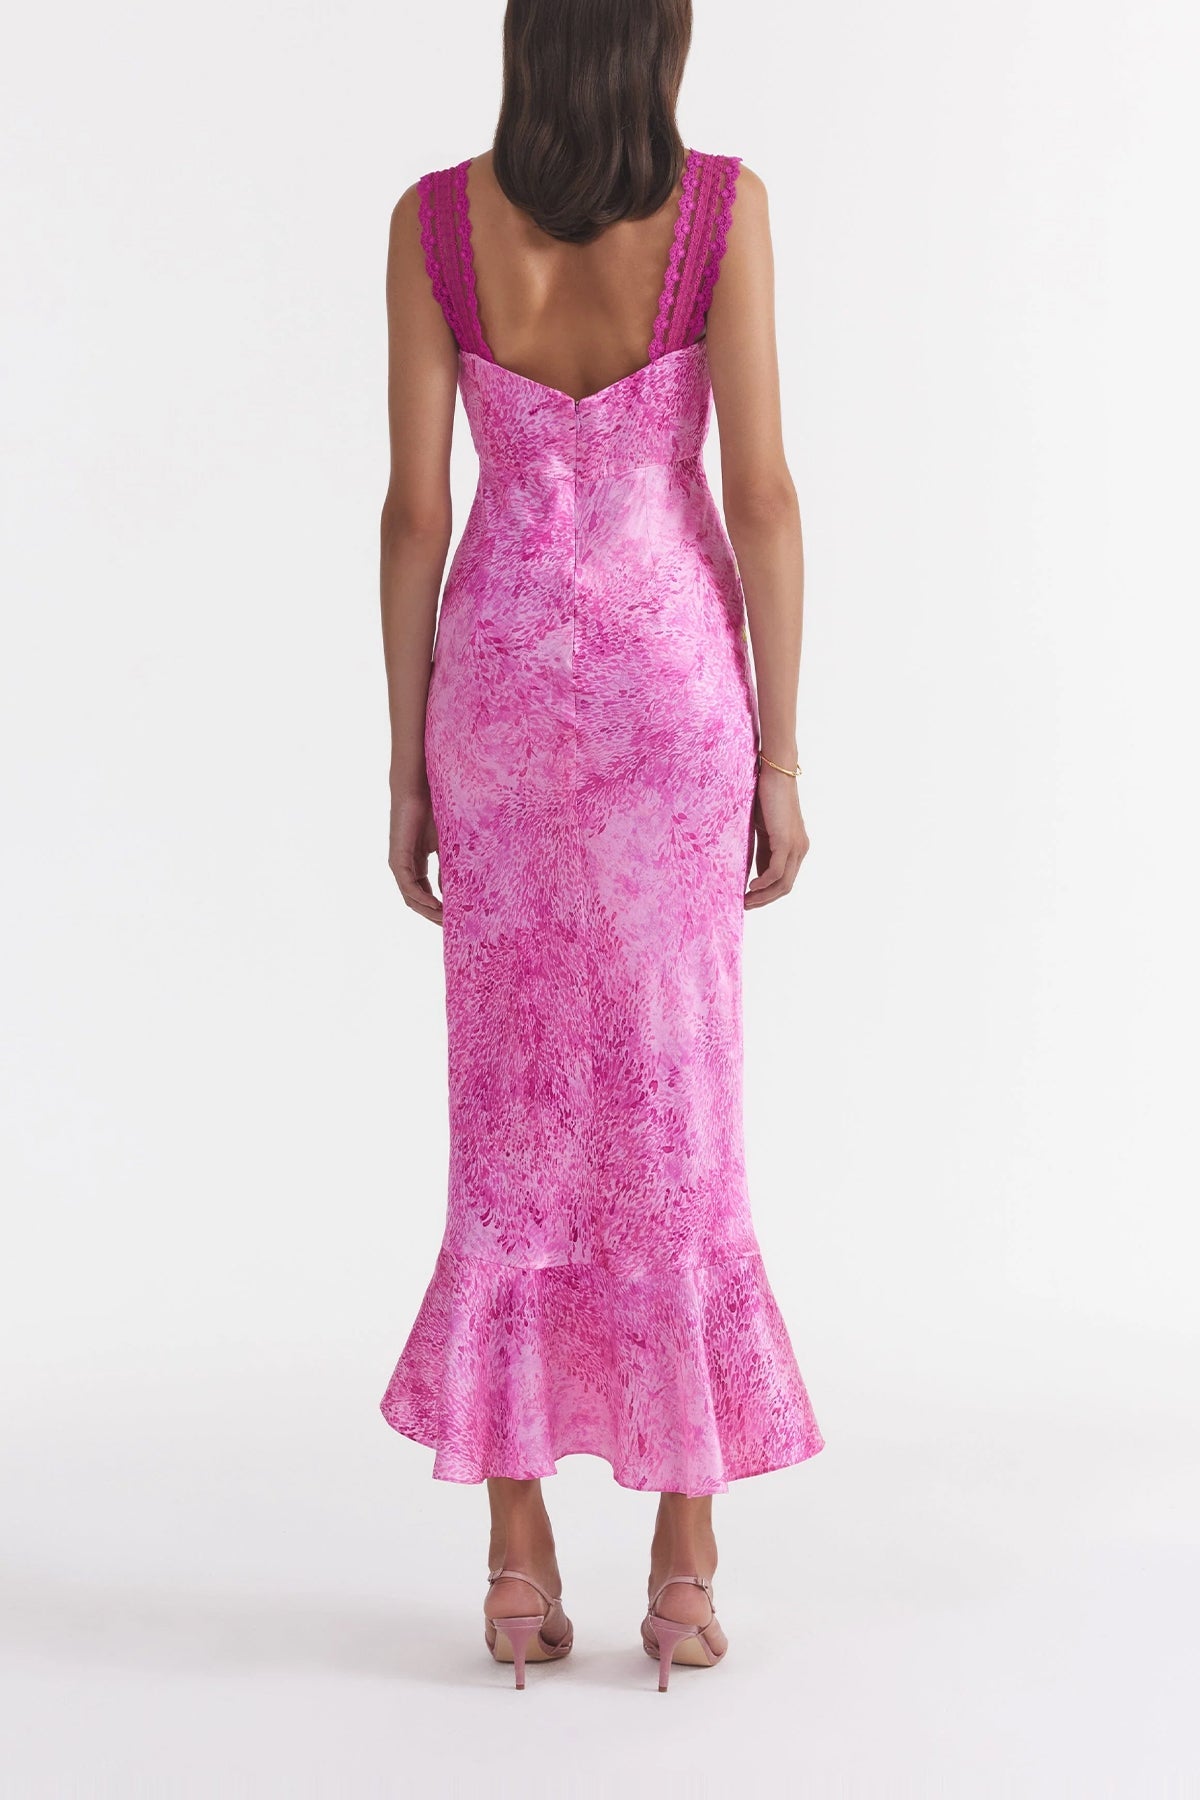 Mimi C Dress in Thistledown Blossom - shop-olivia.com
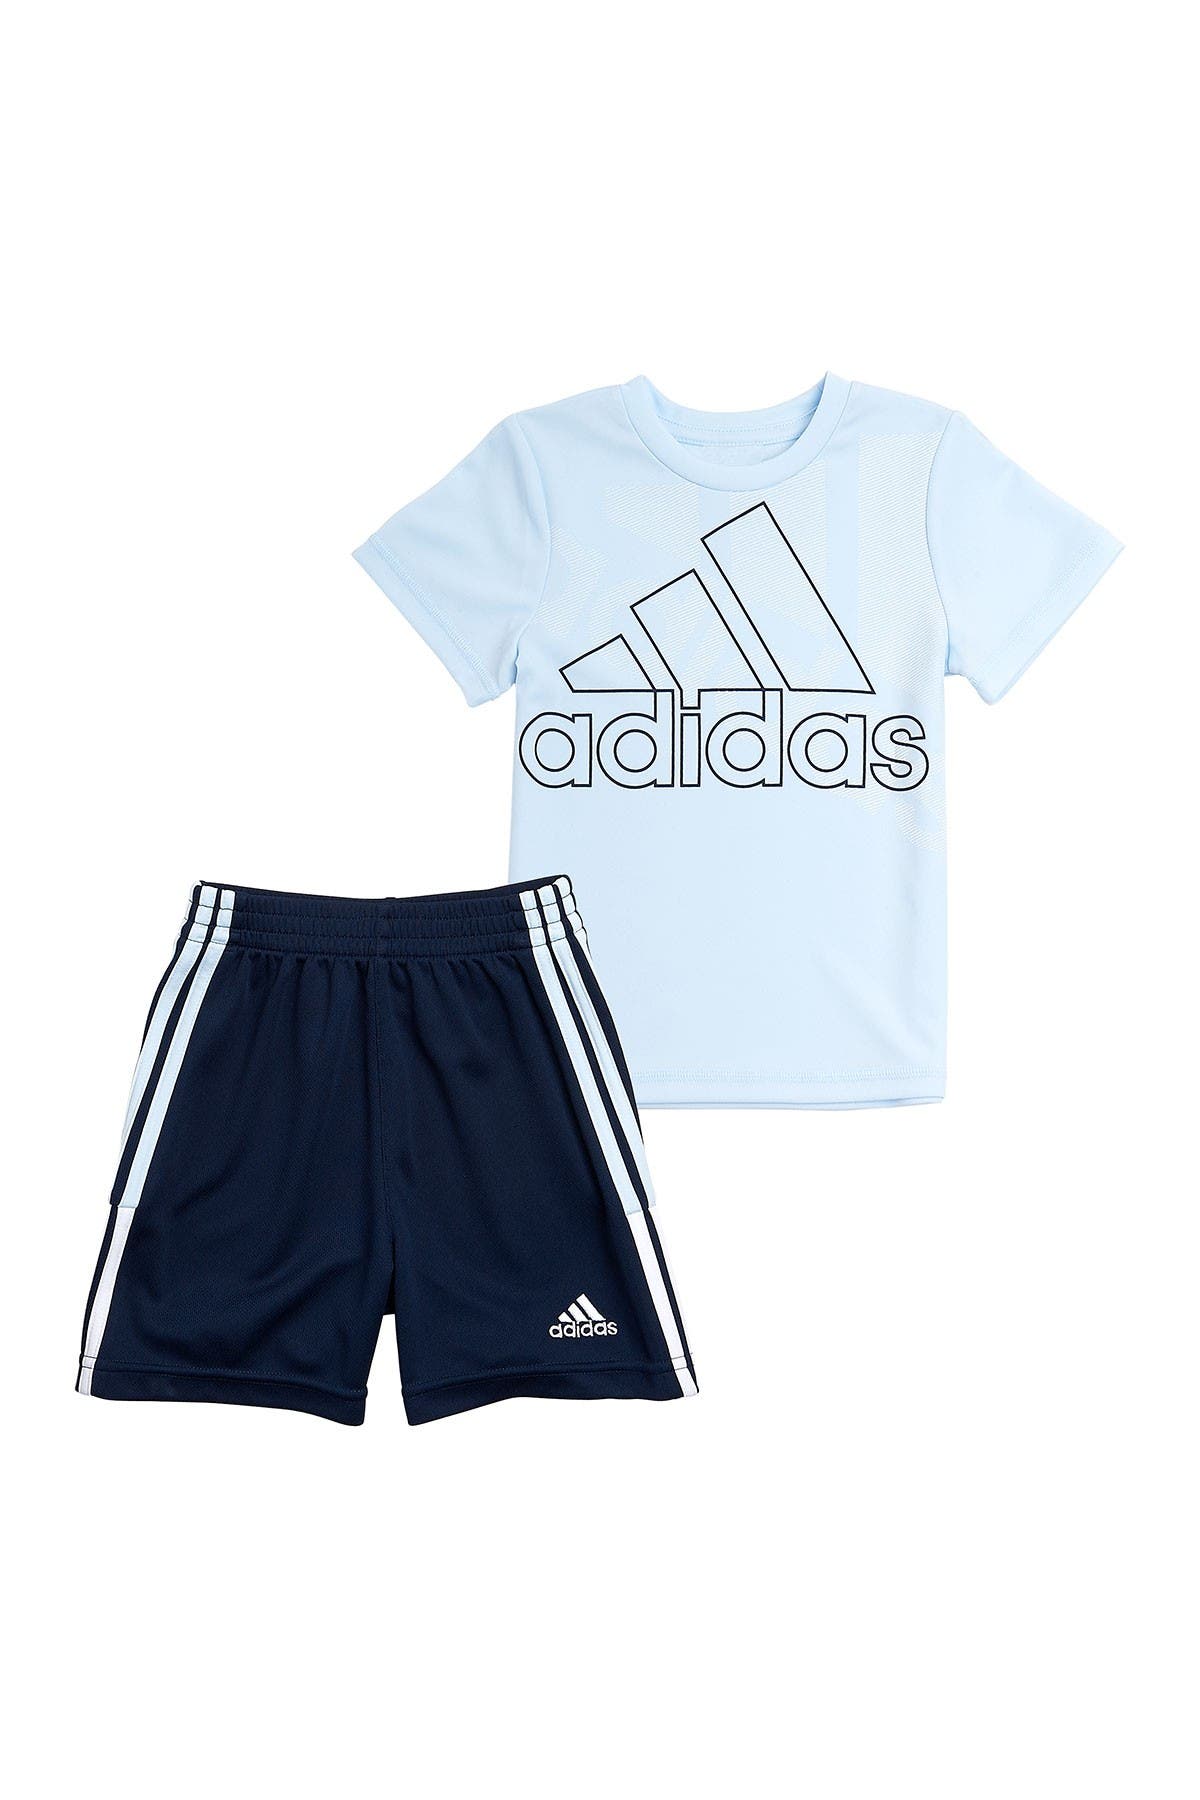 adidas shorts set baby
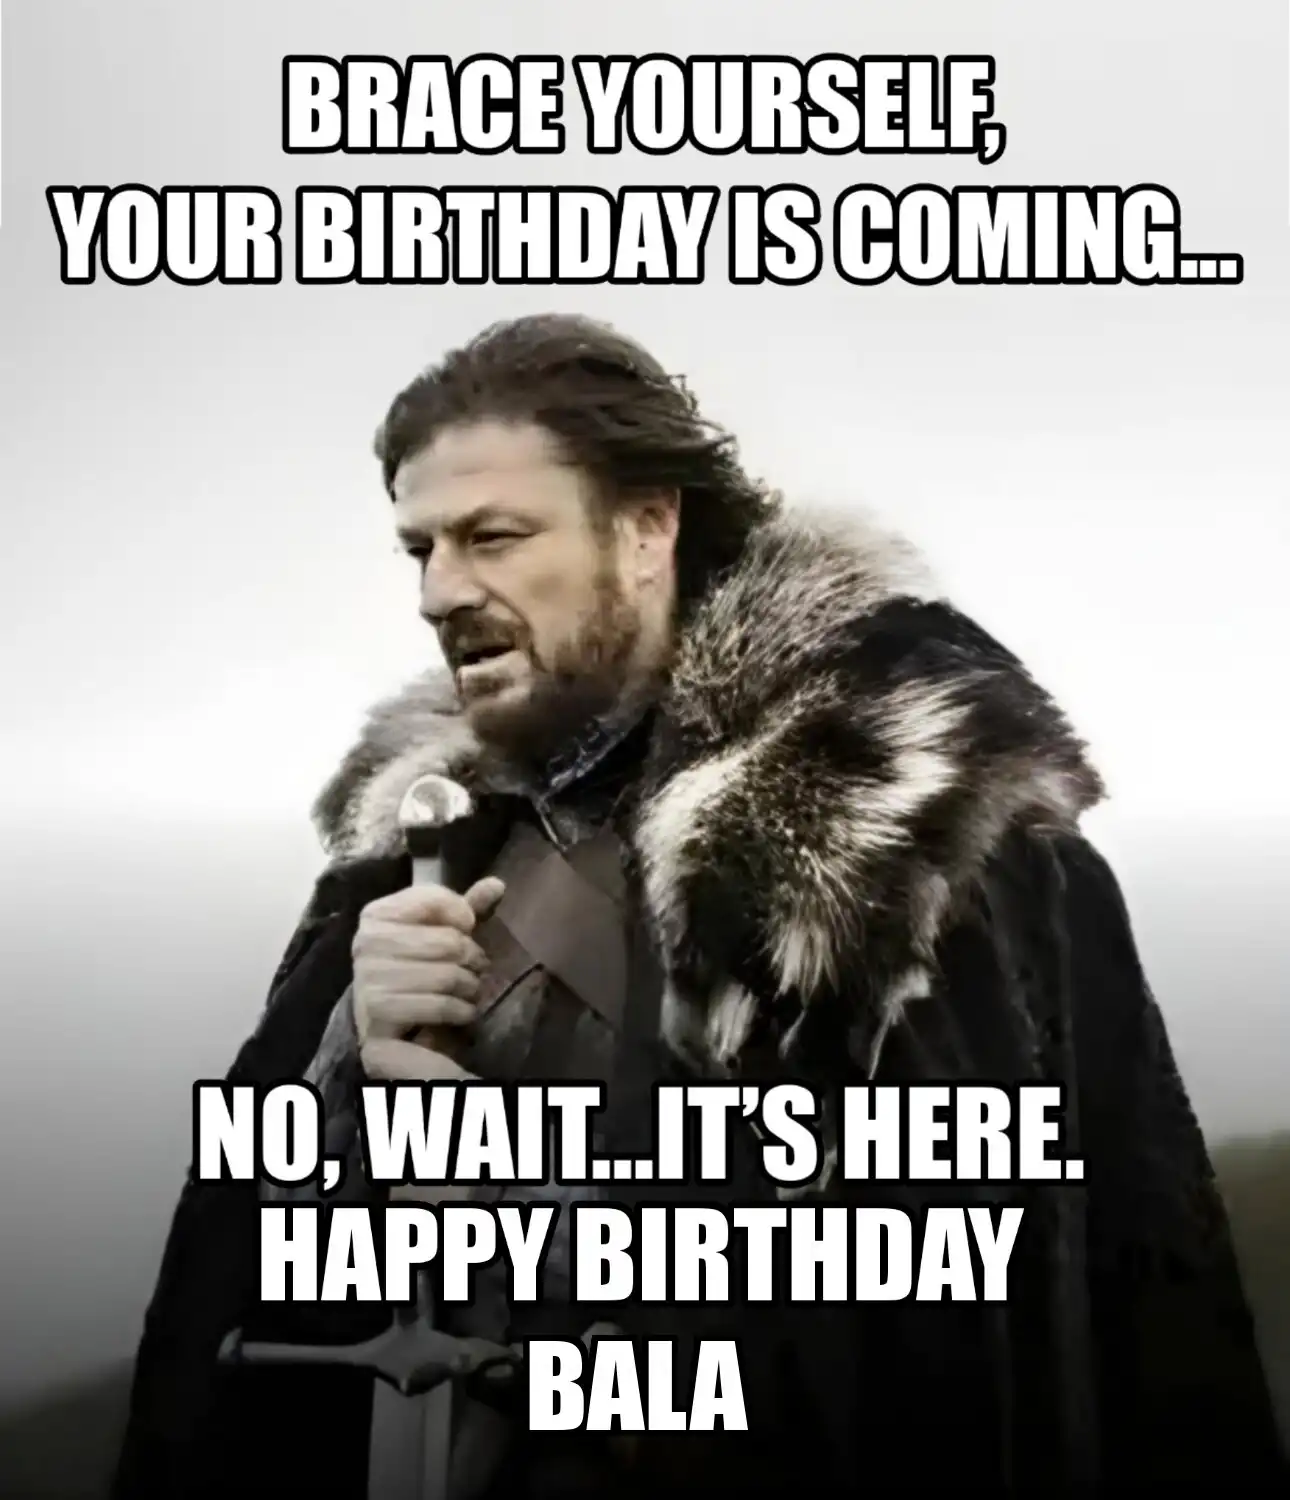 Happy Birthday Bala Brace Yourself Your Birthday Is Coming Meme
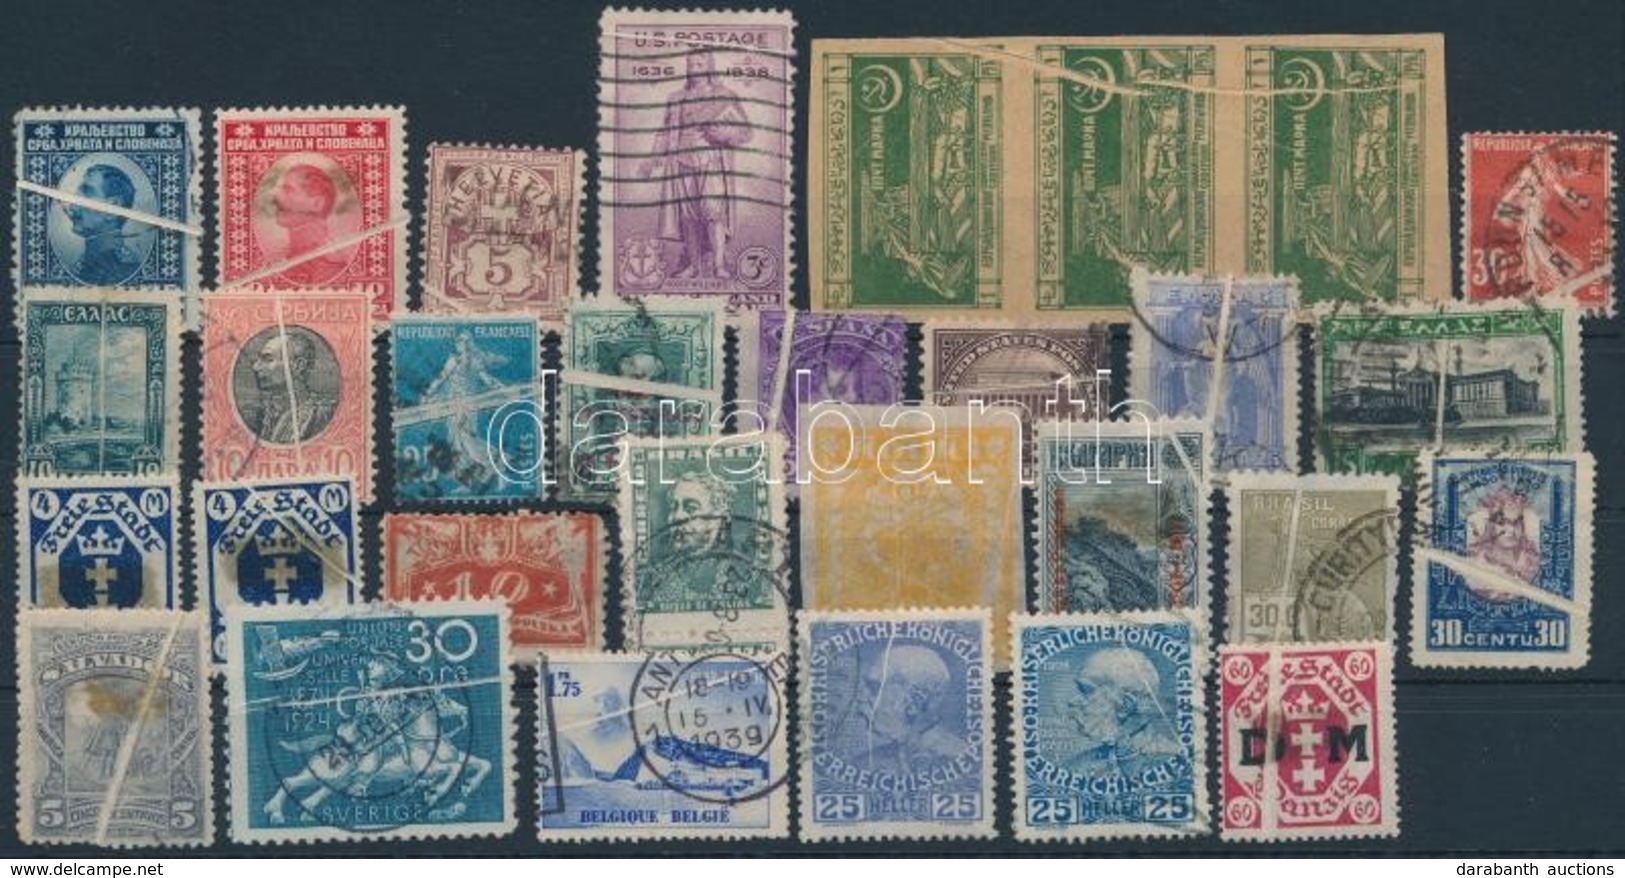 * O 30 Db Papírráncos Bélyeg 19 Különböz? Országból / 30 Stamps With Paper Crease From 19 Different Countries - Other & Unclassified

The task
Please output the material as written, apart from the images.

Result below
 Mimi C Dress in Thistledown Blossom - shop-olivia.com
 adidas shorts set baby
 Happy Birthday Bala Brace Yourself Your Birthday Is Coming Meme
 * O 30 Db Papírráncos Bélyeg 19 Különböz? Országból / 30 Stamps With Paper Crease From 19 Different Countries - Other & Unclassified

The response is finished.